Самый способ выполнения я проектировал так: земство и частные владельцы гарантируют ежегодно известную доходность, достаточную как для погашения процентов на строительный капитал, так и на текущие эксплуатационные расходы, и под эту гарантию уже искать частных или казенных капиталов.
Та отзывчивость, какую я встретил во всех земствах, лучше всего показывала назревшую потребность в таких железных дорогах.
Потребность совершенно понятная, если вспомнить, что конкурирующая с нами страна, Америка, имеет среднее удаление сельскохозяйственных ферм от пунктов сбыта пять-семь верст, а у нас на лошадях приходится подвозить к железной дороге в среднем до ста верст. Это одно уже делает разницу в двенадцать – четырнадцать копеек на пуд в пользу Америки. Если принять во внимание весь наш двухмиллионный хлебный груз, слагающийся в двух третях своих из такого обесцененного гужевой перевозкой груза, то одной той суммы, которая приплачивается ежегодно на гужевую перевозку, хватило бы на оплату процентов того капитала, который нужен на всю сеть (сто пятьдесят тысяч верст) недостающих нам подъездных железных дорог. Что до косвенных выгод, происходящих от увеличения ценности земельной, от роста экономической жизни, то они в десятки раз окупят все затраты на железные дороги.
И тот энергичный отклик, который я получил от всех пяти земств, представляет ясное доказательство, что земства наши находятся на высоте экономических требований времени.
На всех этих пяти земских собраниях решено было поддержать мой проект и поручить мне делать изыскания с весны.
Небывалая еще до того в Князевке жизнь началась с весны. Собирались изыскательские партии; действовал Лихушин со своими.
Появились всевозможные сельскохозяйственные орудия: плуги Сакка, рядовые сеялки, всех родов бороны, сенокосилки, машины жатвенные, молотильные, сортовальные; пришел рабочий скот и выписанный племенной; все имение разбивалось на хутора, и шла оживленная работа по постройке зданий – жилых, для машин, амбаров и сушилен; прудились овраги и речки для будущего орошения. Работа кипела и в поле. Лихушин, ставя идеалом своевременность посева, торопился и нагнал сотни людей и лошадей.

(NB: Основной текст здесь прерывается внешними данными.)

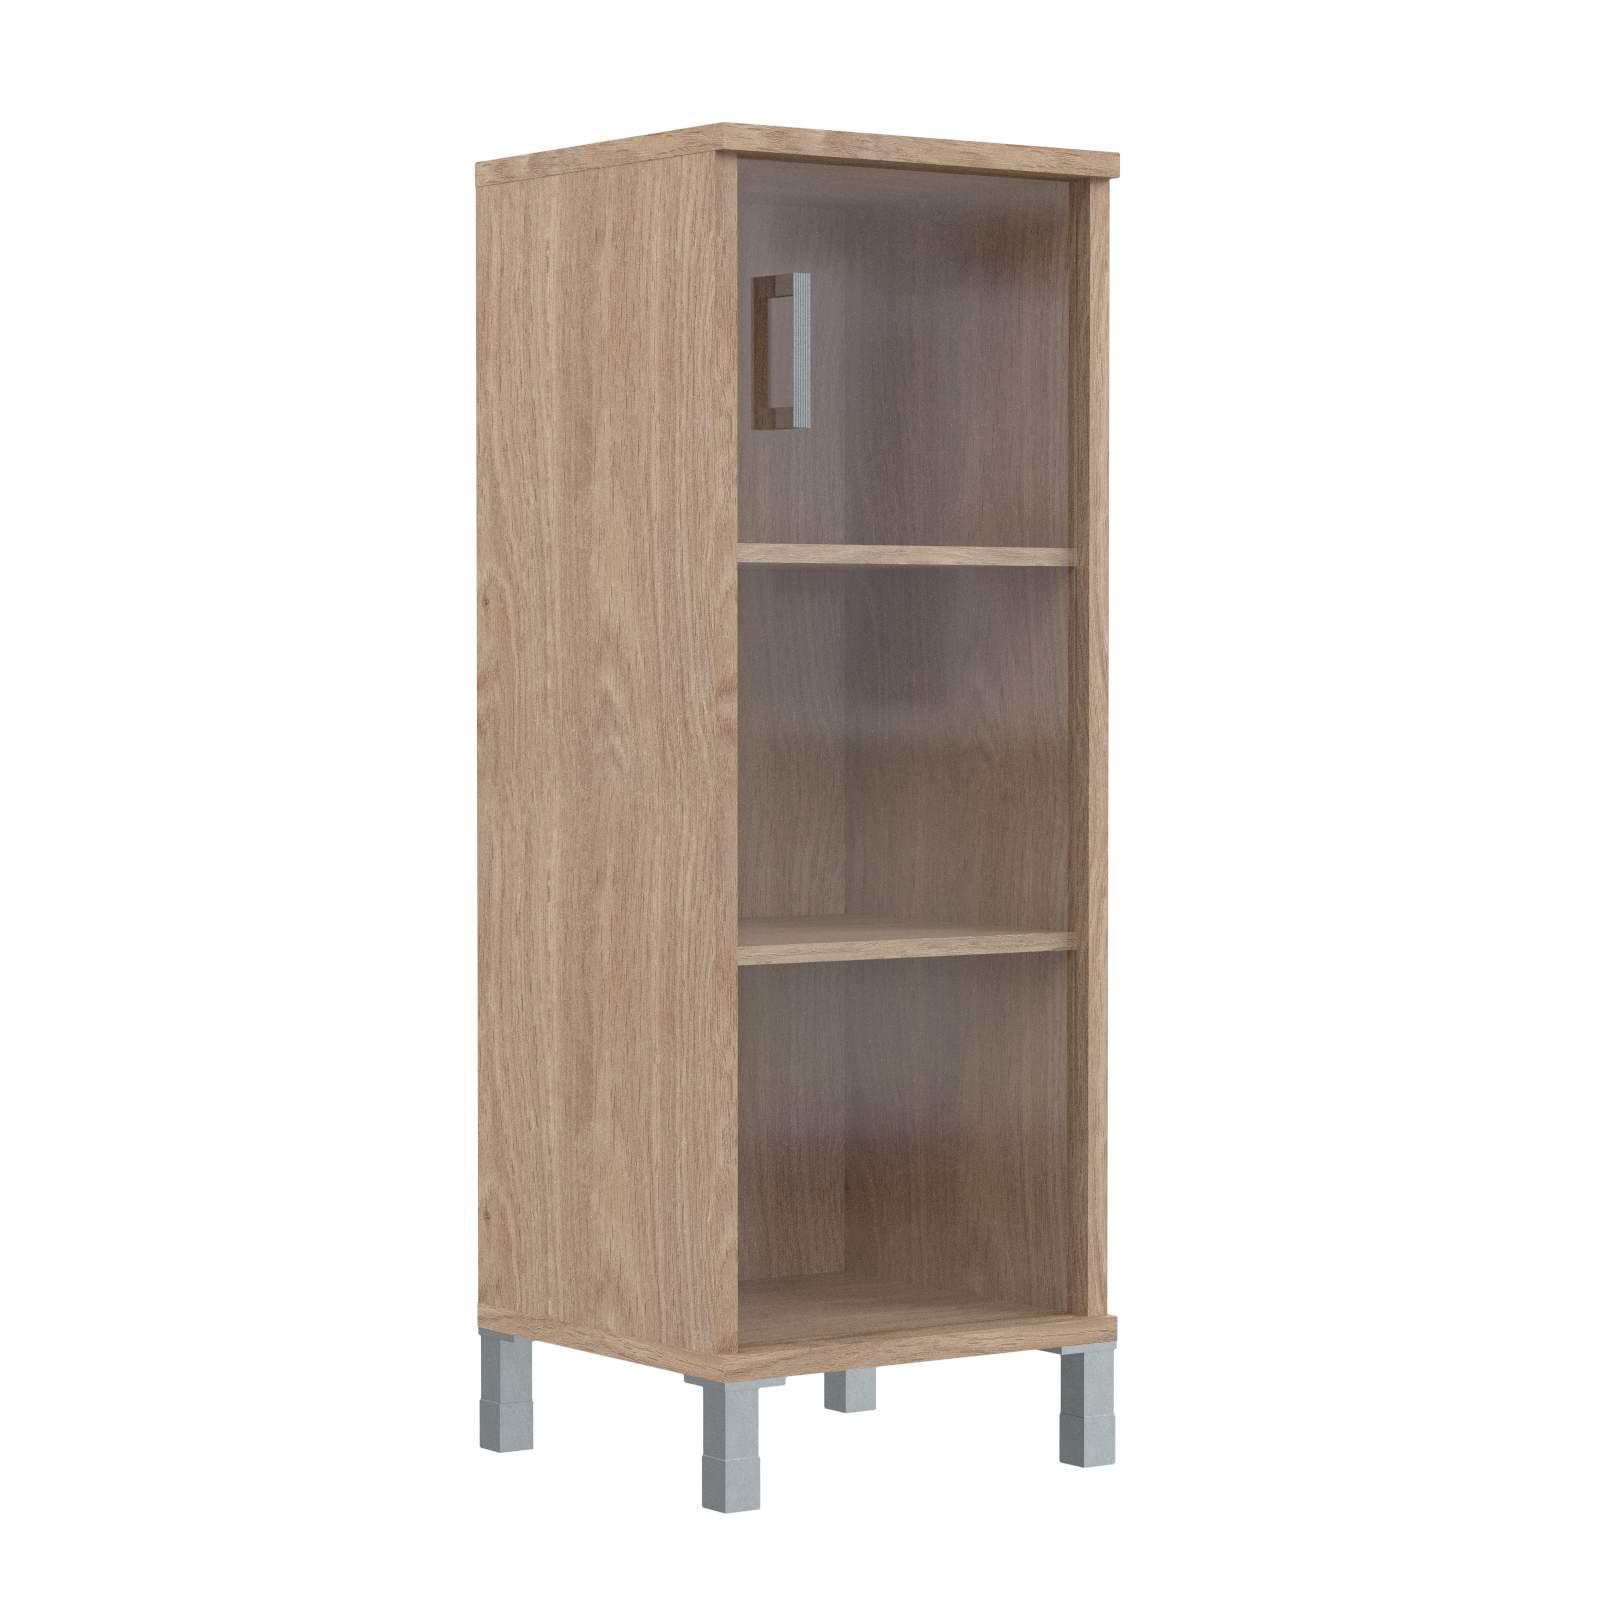 Шкаф колонка средняя со стеклянной дверью 475х435х1236

– Это все оправдается, – бурчал он своей скороговоркой.
Черные поля представляли яркую и оживленную картину.
Тянулись нескончаемые вереницы бычьих плугов; на горизонте стройно, как войска, двигались рядовые сеялки, сотни конных борон тянулись друг за другом в своем обычном водовороте, группы баб и ребятишек, садивших подсолнухи, похожи были в своих пестрых рубахах и сарафанах на цветы.
Над всей этой яркой картиной стояло сочное голубое небо, от согретой земли шел легкий пар, и насыщенный им воздух рябил и млел в лучах весеннего солнца.
Надо знать неподвижность деревни, отсутствие всякого представления здесь о времени, чтобы оценить энергию, нужную для того, чтобы вызвать такую кипучую жизнь.
Виновник, – Иван Андреевич Лихушин, действительно, проявлял энергию, превосходившую всякое представление о деятельности человека.
Я не знаю, когда он спал. Все дни он проводил в поле, поспевая везде, а вечера и большую часть ночи, отдав нужные распоряжения на завтрашний день, проводил в комнате своих помощников и изыскателей, принимая и в их жизни деятельное участие, в их песнях, спорах и разговорах.
– Да идите вы спать, – говорил ему доктор студент, – железный вы, что ли, в самом деле?
За столом у Лихушина собиралась веселая компания, человек в двадцать.
Пили водку, закусывая ее луком, ели щи, вареную говядину, ели с аппетитом, уничтожая груды хлеба и мяса. Ели хорошо, а спорили еще лучше.
Компания состояла из студентов-изыскателей, ожидавших начала работ и пока бездействовавших, трех практикантов-агрономов, одного студента медика, которого все называли доктором, и студента ветеринара, он же и кассир. К компании примыкали и Лихушин и его помощник агроном, молодой, болезненный неврастеник, и бухгалтер, маленький, кудрявый, заводивший какую-то в высшей степени сложную бухгалтерию.
Практиканты-агрономы держались особняком и только по праздникам принимали более деятельное участие в жизни остальной компании.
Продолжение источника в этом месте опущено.